Exercise description: What should be copied is the stretch of entries below from the line with "Парфюмерная вода Dolce&Gabbana Dolce 50 мл" up to and including the line with "Delano Slim Fit", exactly and without images.

+++ Data excerpts

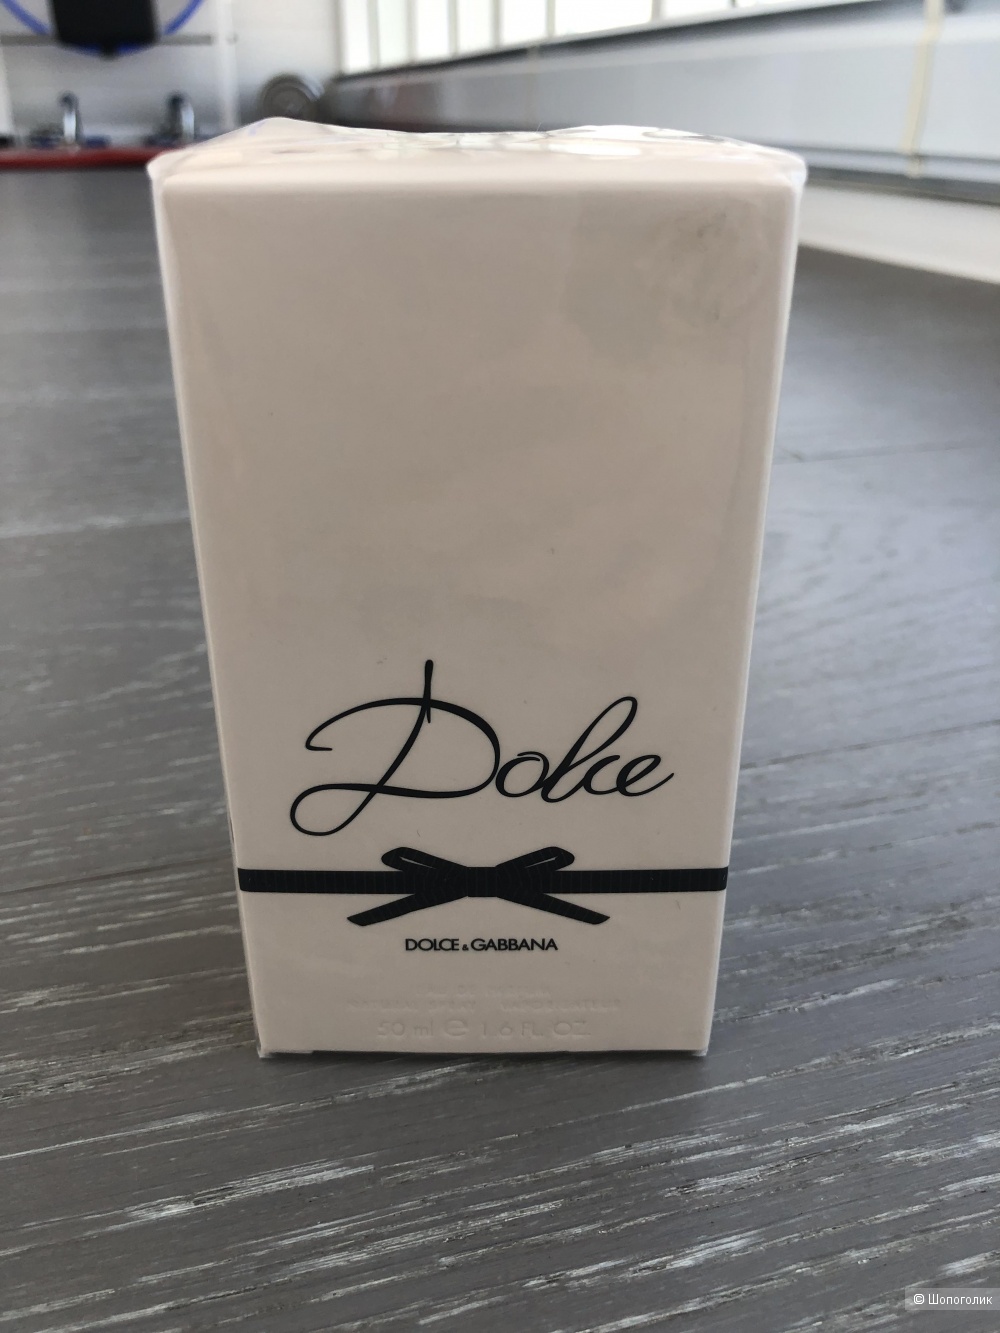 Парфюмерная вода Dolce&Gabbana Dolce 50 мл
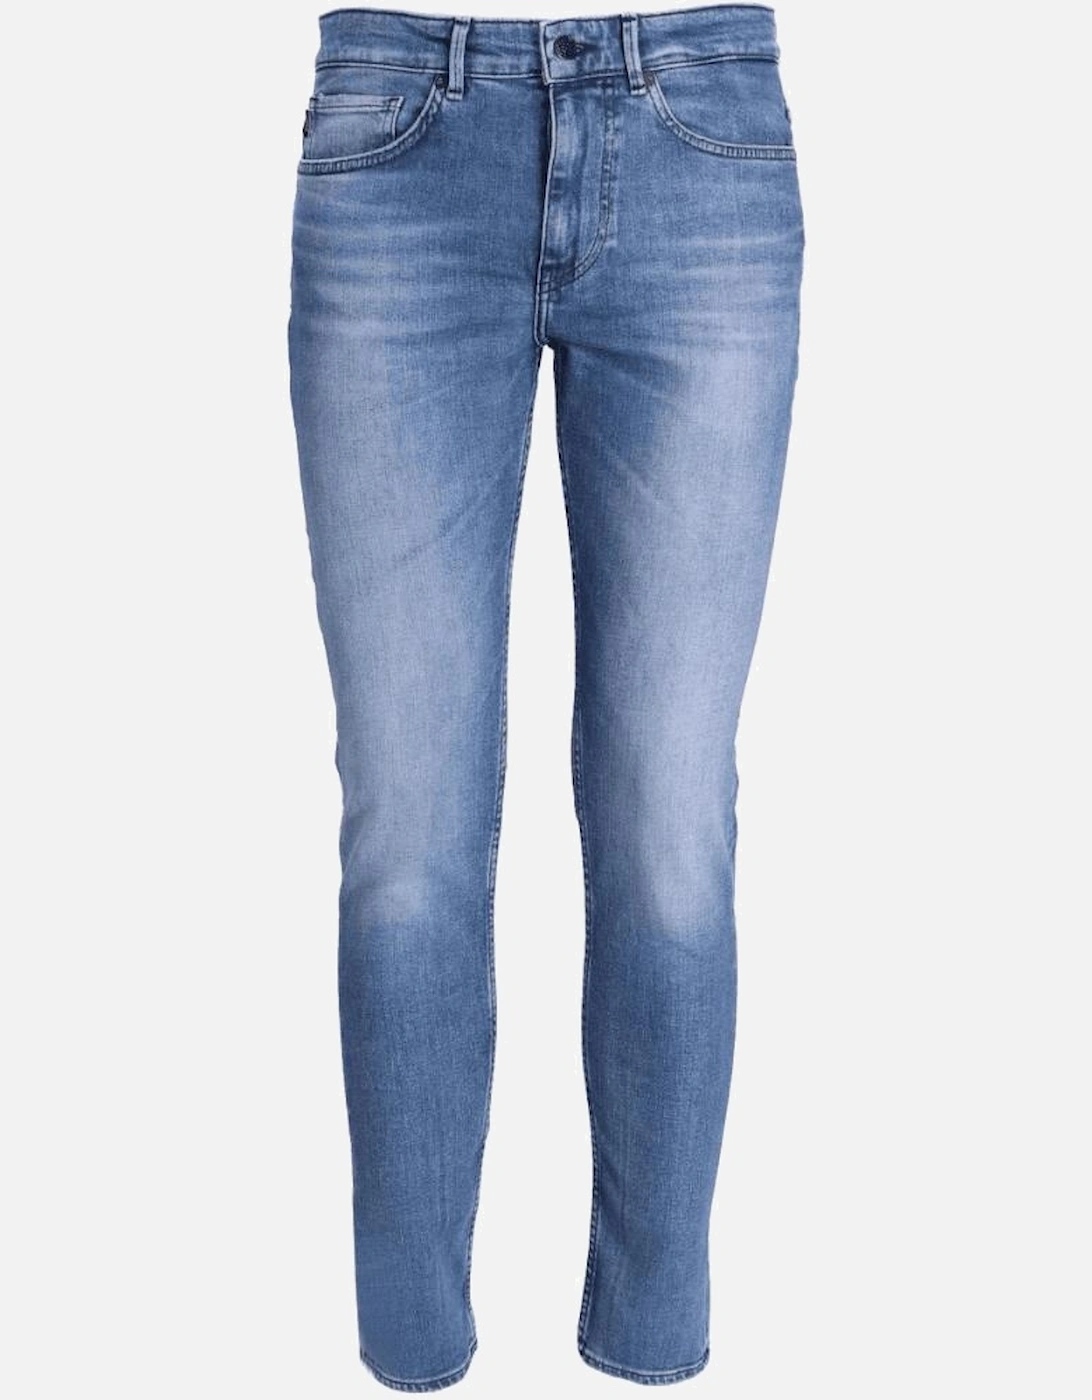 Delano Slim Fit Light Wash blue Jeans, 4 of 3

++++++
+++ Data excerpts

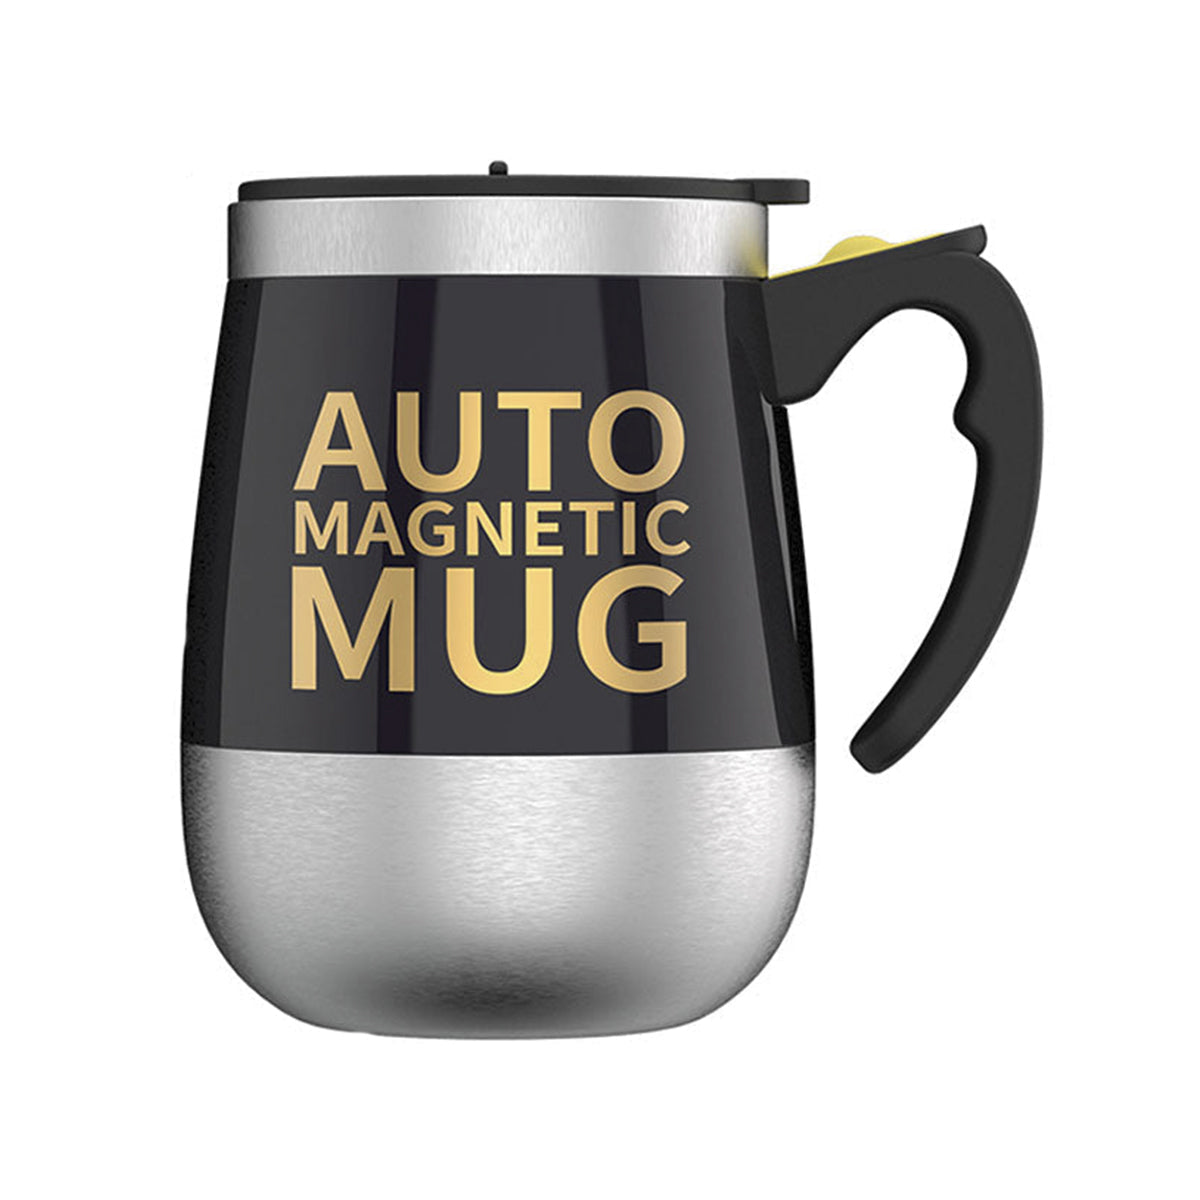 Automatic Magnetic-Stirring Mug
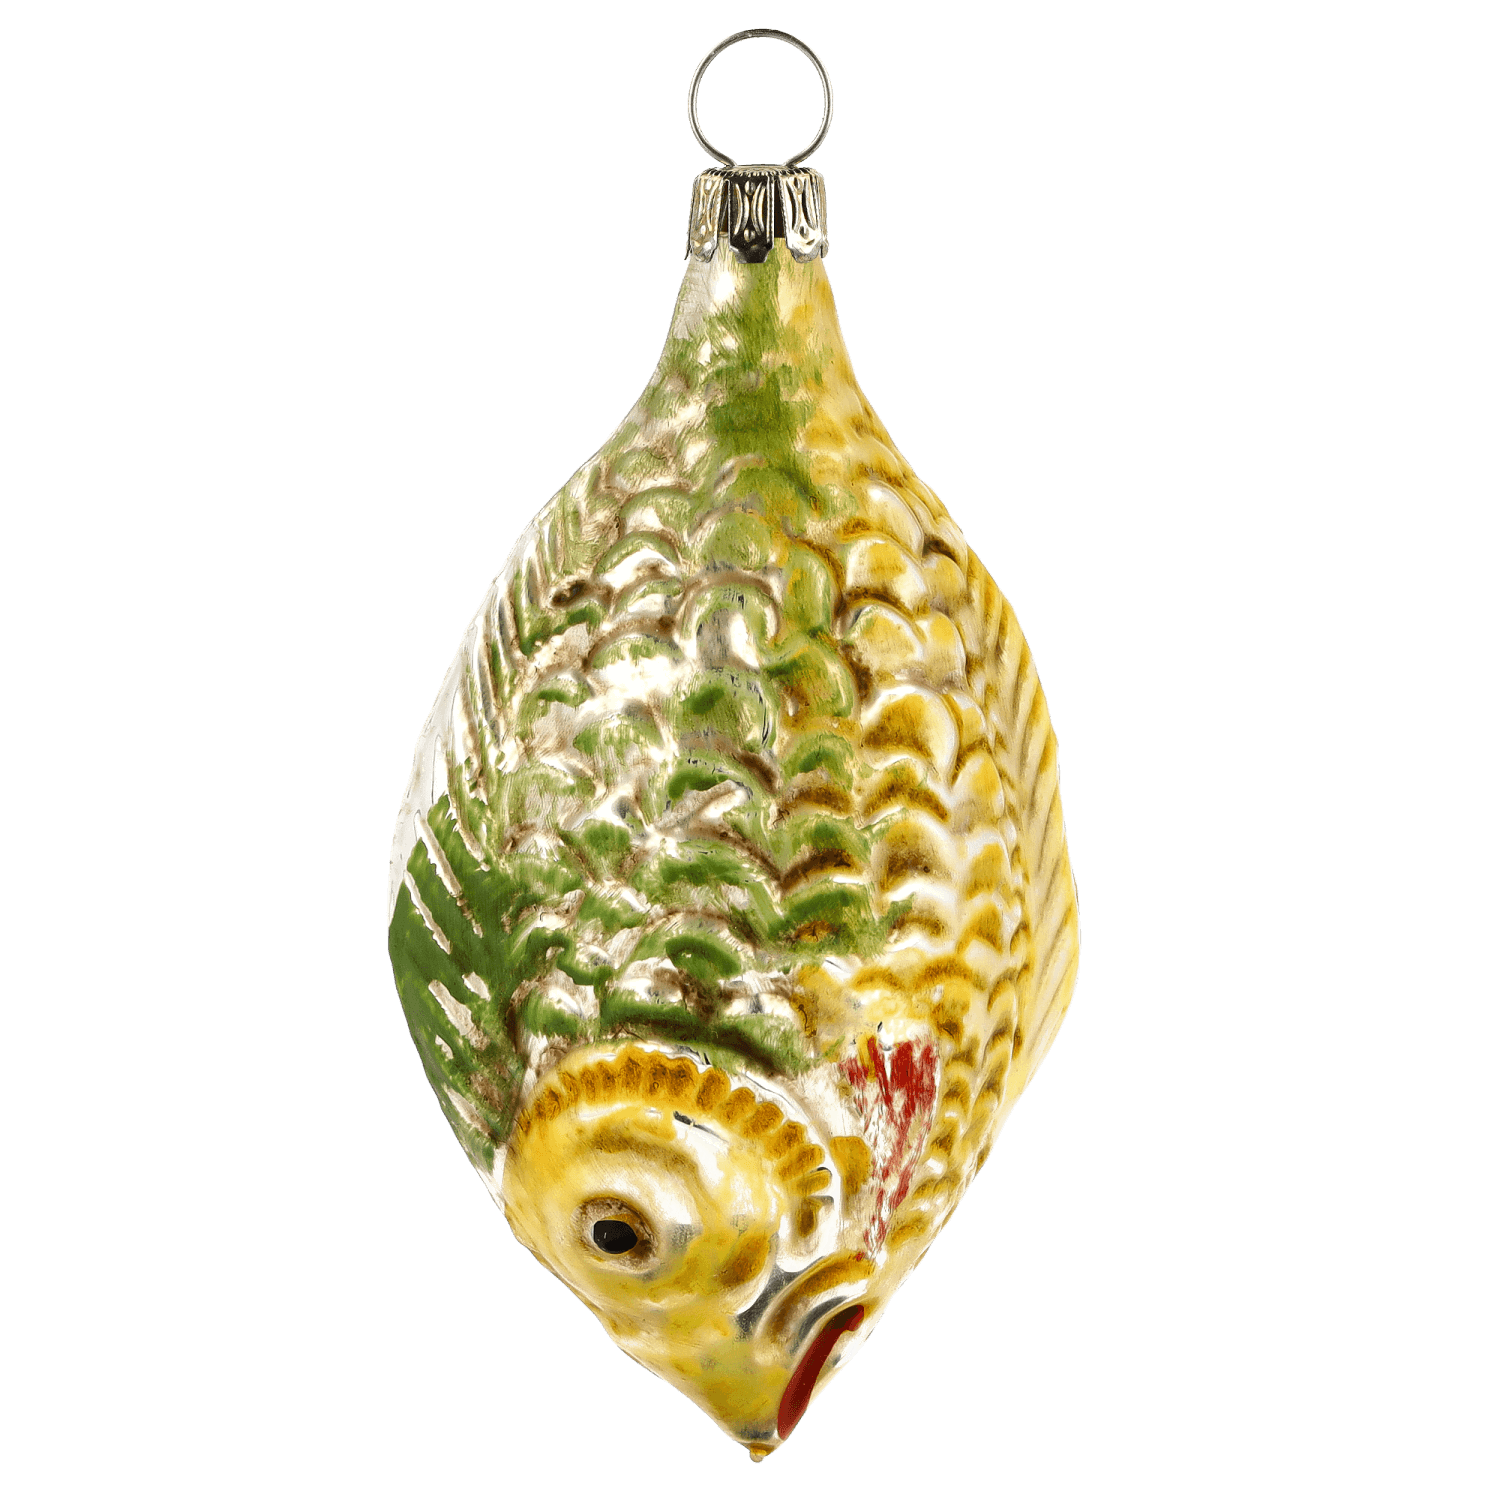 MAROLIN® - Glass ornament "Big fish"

++++++

Exercise solution:
 Парфюмерная вода Dolce&Gabbana Dolce 50 мл
 Delano Slim Fit Light Wash blue Jeans, 4 of 3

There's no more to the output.